Leia a seguir o artigo “Boicotando o futuro“, do Acadêmico Isaac Roitman, publicado em 16 de setembro, no Monitor Mercantil:
Os avanços na educação de qualidade, uma política econômica visando uma vida digna de todos, a proteção e conservação do meio ambiente, uma boa assistência à saúde pública, o estímulo à ciência e tecnologia, boa qualidade da vida urbana, o emprego digno e o respeito a cultura e aos direitos humanos são pressupostos para a construção de um futuro virtuoso para o Brasil.
Infelizmente não é isso que testemunhamos no presente. Ao contrário. A desigualdade social se alastra. Nossa educação está ameaçada com ações que provocam retrocessos desde a educação básica até a pós-graduação.
As regras que norteiam nossa economia, continuam a proteger os privilegiados e a elite, aumentando o número de brasileiros abaixo da linha da pobreza. Nossos recursos naturais e nosso bioma estão em riscos devido a políticas predatórias estimuladas por lucros imediatos. A assistência à saúde é cada vez mais precária.
O desenvolvimento científico e tecnológico, base para uma verdadeira soberania, sofre um trágico retrocesso com os cortes de recursos do Conselho Nacional de Pesquisas (CNPq) e da Coordenação de Aperfeiçoamento do Ensino Superior (Capes).

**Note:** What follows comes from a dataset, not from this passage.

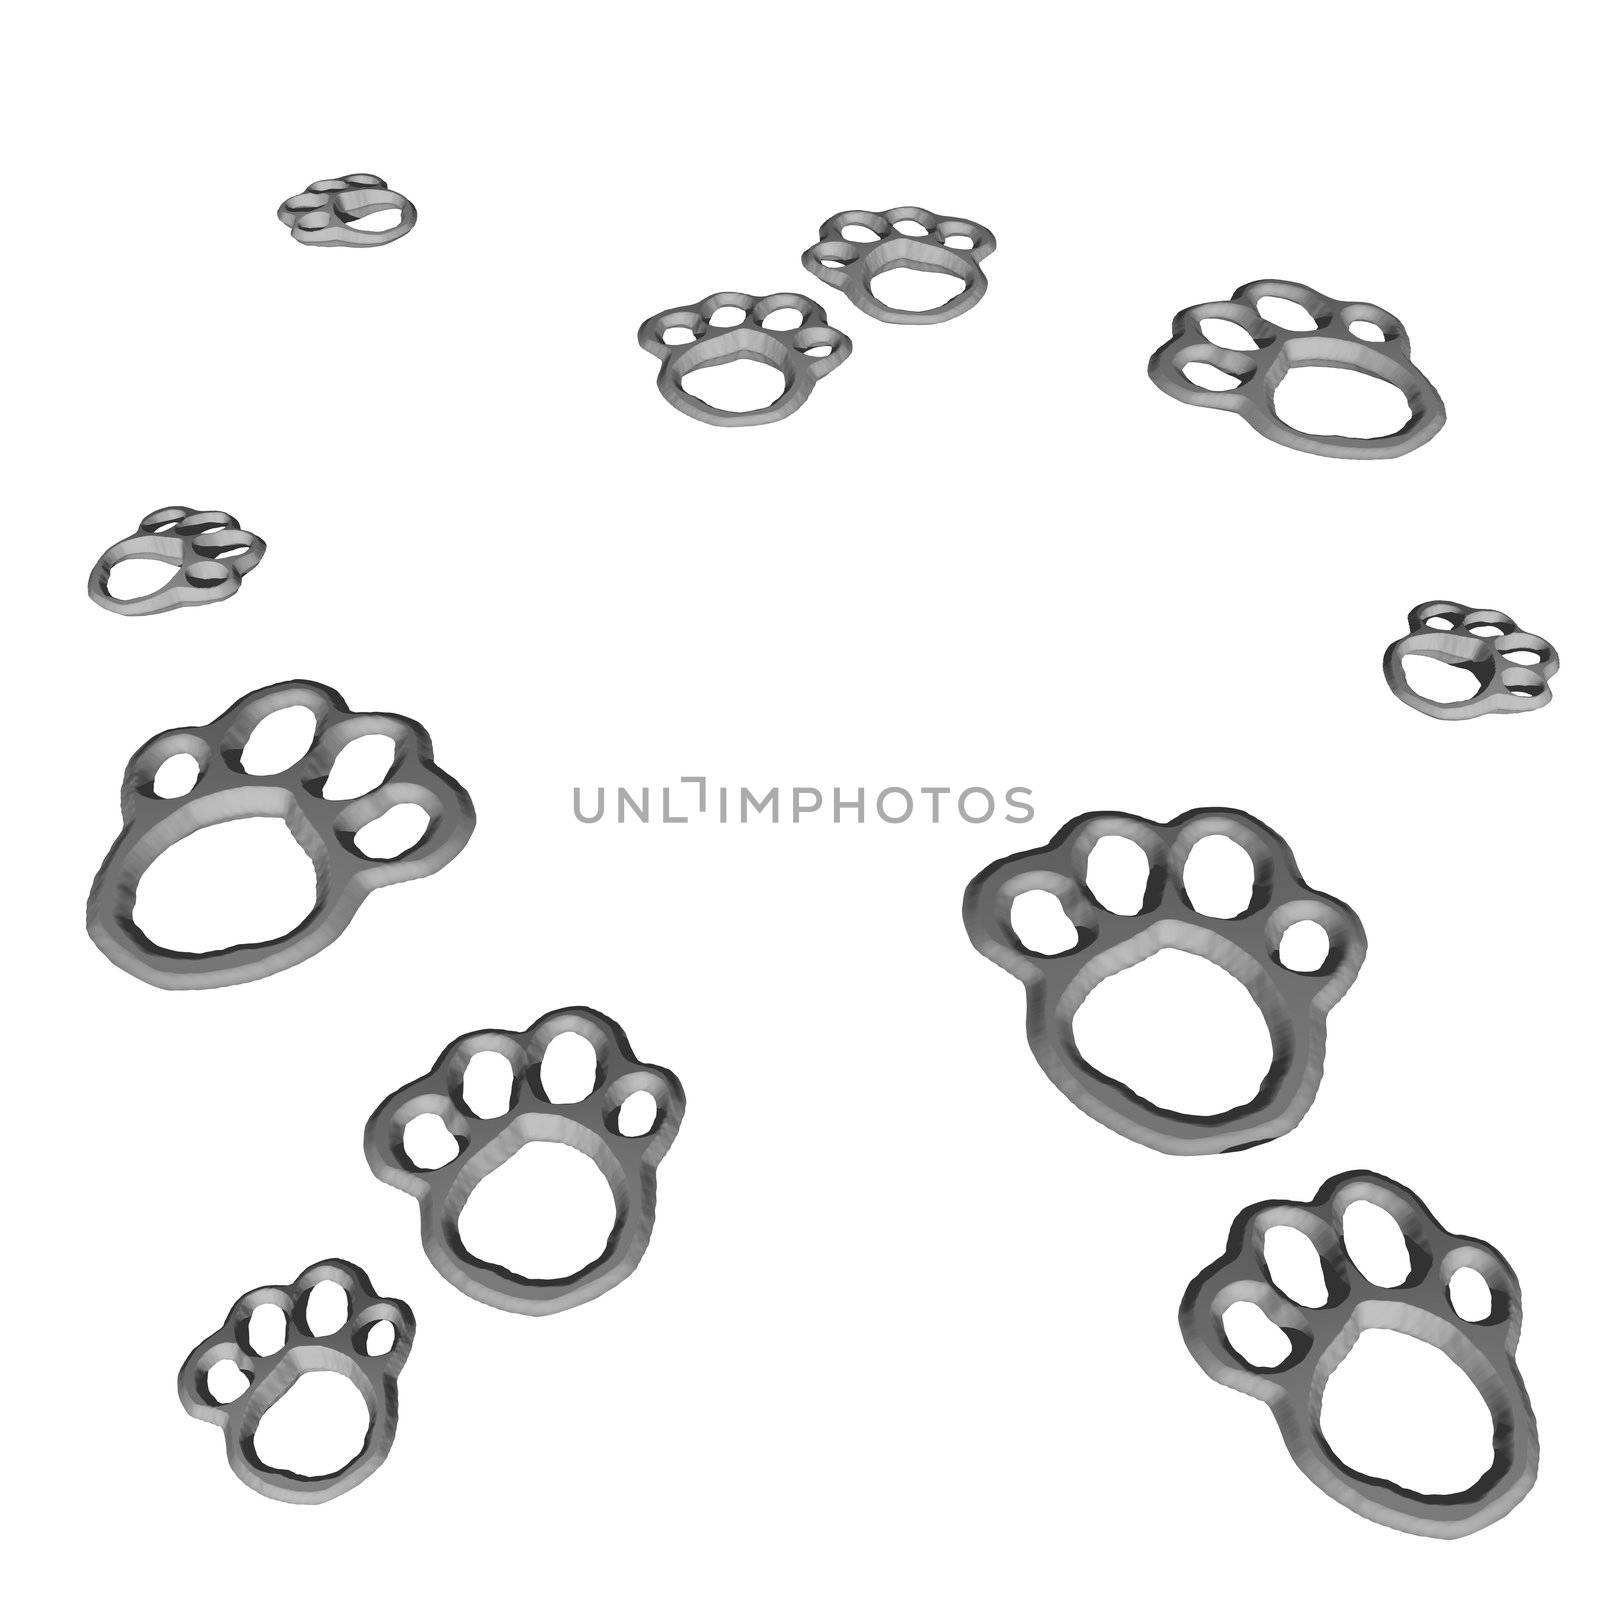 An illustration of animal paws isolated on a white background.

O deslocamento urbano, as moradias e a segurança nas cidades são insatisfatórios. O desemprego pleno causa desespero nas famílias, principalmente nas de menor renda. A corrupção continua escancarada. Os valores civilizatórios em baixa. A cultura cada vez mais desamparada. Os direitos humanos conquistados, em retrocesso, completam esse cenário desolador que ameaça o futuro de nosso país.
Como mudar esse cenário e cultivar a esperança de um cenário virtuoso para as próximas gerações? Penso que devemos aperfeiçoar a nossa democracia e cultivar valores fundamentais. No entanto, as democracias contemporâneas passam por crises por não terem alcançado os seus objetivos éticos de justiça social.
O conceito de democracia não pode ser reducionista e estar simplesmente vinculado ao exercício do direito do sufrágio. Esse direito é garantido. Por outro lado, há uma crescente apatia política entre os cidadãos dos regimes democráticos e a vacina para essa doença é a educação para a cidadania. Através dela os jovens não aceitaram o presente boicote e vão ser protagonistas de seu futuro.
O conceito e as ações de uma educação para a cidadania devem ser aperfeiçoados. Segundo a Unesco, a educação para a cidadania deve capacitar os estudantes de todas as idades com valores, conhecimento e habilidades que, ao mesmo tempo, baseiam-se e incutem o respeito por direitos humanos, justiça social, diversidade, igualdade de gênero e sustentabilidade ambiental, com o objetivo de que os aprendizes se tornem cidadãos globais responsáveis.
Vamos dizer não ao boicote de nosso futuro mudando, mesmo que lentamente, o cenário atual. Vamos fazer uma verdadeira revolução educacional. Vamos nos inspirar nos pensamentos do filósofo Norberto Bobbio, que enfatizou que os direitos do homem, democracia e paz são três momentos necessários do mesmo movimento histórico: sem direitos do homem reconhecidos e protegidos, não há democracia; sem democracia, não existem condições mínimas para a solução pacífica dos conflitos.
E aos nossos atuais e futuros governantes seria pertinente conhecerem o pensamento de Victor Hugo: “Saber exatamente qual a parte do futuro que pode ser introduzida no presente é o segredo de um bom governo”.
Professor emérito da Universidade de Brasília, membro da Academia Brasileira de Ciências e membro do Movimento 2022 O Brasil que queremos.